Roku predicts half of US households with a TV will cut the cord by 2024


Roku just reported a strong holiday quarter, which doesn’t really come as a surprise: there’s no time of year when people buy more streaming boxes, sticks, or new TVs that happen to run Roku’s software. The company ended 2019 with 36.9 million active accounts, and customers streamed 11.7 billion hours of content in the fourth quarter.

“We have now entered the streaming decade when we believe consumers around the world will choose streaming as their primary way of viewing TV,” Roku CEO Anthony Wood wrote in his letter to investors. Roku believes that by 2024, half of all US households with a TV will have either cut the cord or never had cable to begin with.

During the earnings call, Roku CFO Steve Louden said the company’s hardware operations have “only experienced minor impacts” due to the coronavirus.

But the real story continues to be Roku’s thriving ad business. “Throughout 2019, our growth in monetizable video ad impressions significantly outpaced streaming hour growth,” Wood wrote, saying that Roku aims to “shape the future of OTT advertising.”

Photo by Amelia Holowaty Krales / The Verge

“In 2019, all top 10 technology and telecom advertisers, as well as all top 10 consumer packaged goods companies, spent with Roku,” Wood said in the letter. And Roku has been willing to exert its power in the streaming market to help bolster its ad numbers. This excellent report from The Information yesterday went over some of the friction that has developed between Roku and major entertainment businesses like Fox and NBC. Last month, Roku and Fox got into a brief-but-acrimonious public spat after the companies failed to come to terms on a new carriage agreement. The rift came just ahead of the Super Bowl, but both sides struck a new pact that kept Fox’s apps on Roku devices for the big game.

Without mentioning the Fox dust-up, Wood said that he watched Super Bowl LIV on a Roku. In 4K, naturally.

According to The Information, Comcast’s NBCUniversal found itself in a similar dispute with Roku in late 2018 and was preparing for the possibility of the banner NBC app and other NBCU networks like USA and Syfy being kicked off Roku’s platform. But that situation was resolved before anything went public.

Whenever it comes time to renew one of these deals, Roku uses the opportunity to continue growing out its advertising unit. And it has multiple ad strategies in play. You can’t miss the large ads on Roku’s home screen. That’s prime placement, and Roku noted in its earnings release today that Disney took advantage to promote the launch of Disney+. The company’s free-to-watch Roku Channel is also an important vehicle for ad revenue. But there’s a third pillar that’s just as important as those two: Roku also sells ads for third-party streaming apps. Per The Information:

It also sells some of the ad space on other companies’ apps. It does that by buying a portion of those apps’ ad inventory from the companies at a reduced rate, pooling the inventory with other inventory it has and re-selling it to advertisers.

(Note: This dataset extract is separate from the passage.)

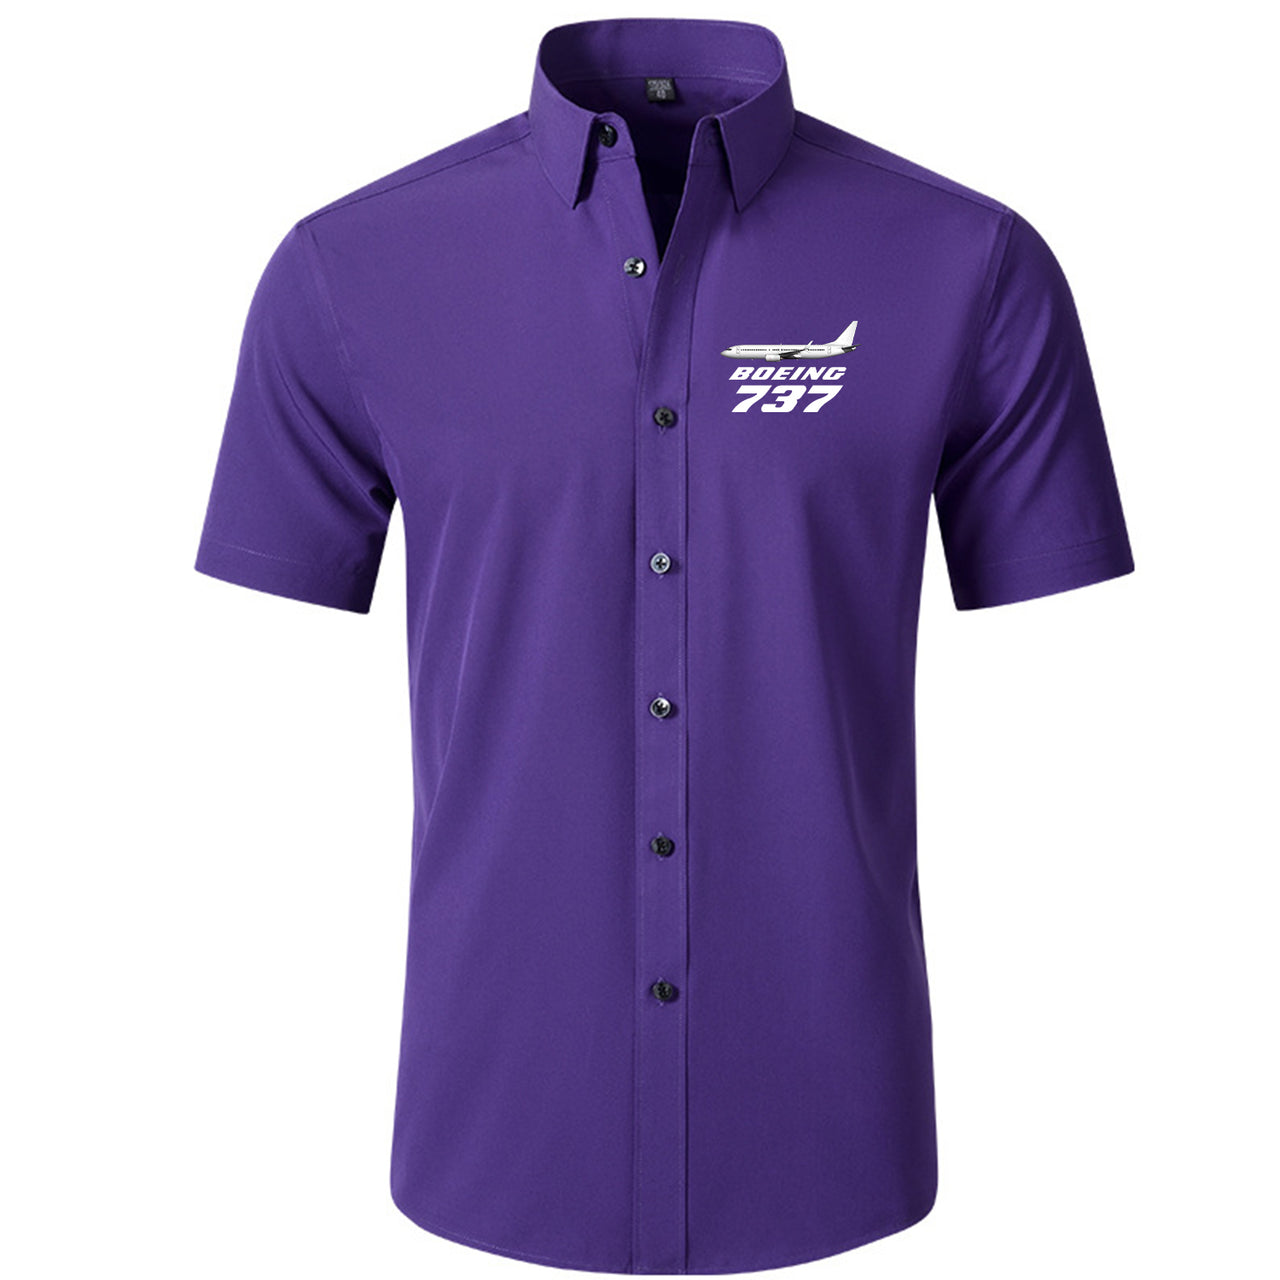 The Boeing 737 Designed Short Sleeve Shirts

Roku’s advertising business earns the company much more money than hardware sales of low-cost streaming players. But its ambitions to keep building upon that business have caused Roku to butt heads with some content providers. Smaller channels don’t really have much in the way of bargaining power; they can’t afford to lose Roku’s massive user base. But larger players can push back. According to The Information, Fox resisted Roku’s requests to provide programming for The Roku Channel when coming to the last-minute carriage renewal, and advertising terms fell short of what Roku had hoped for.

Despite the strained negotiations, Roku still positions itself as “a neutral partner at the center of the streaming ecosystem,” per the investor letter.

But the company sometimes even flexes its power with its own partners. Inside this report from Protocol chronicling TCL’s rise as a TV manufacturer is an interesting nugget: “TCL is said to have pushed for a change to the terms of the deal” with Roku, the report says. Margins on TV sales are razor thin, and Roku keeps all of the advertising and services revenue that come from Roku TVs to itself. TCL makes the well-reviewed hardware, but Roku controls the software, new features, and updates. It’s now even got a licensing program for companies that want to build soundbars and speakers for Roku TV sets.

In total, Roku customers streamed 40.3 billion hours of content in 2019. But sometimes new software features can actually work against that figure. Here’s what the company said as to why Q4 streaming growth seemed a little tame compared to 2018:

The year-over-year growth rate in streaming hours moderated somewhat in Q4 2019 versus Q4 2018 due in part to the timing of Black Friday falling a week later in 2019 and the partial rollout of the “Are you still watching” feature, which prompts users to confirm they are watching after a period of inactivity.

“While 2019 was a tipping point in commitments to streaming, the full force of change is still to come,” Wood wrote in the investor letter. “Roku is well positioned for the new streaming decade as we continue to differentiate our platform, deliver strong growth, execute our strategic plans and bring together even more consumers, TV brands, content providers and advertisers.”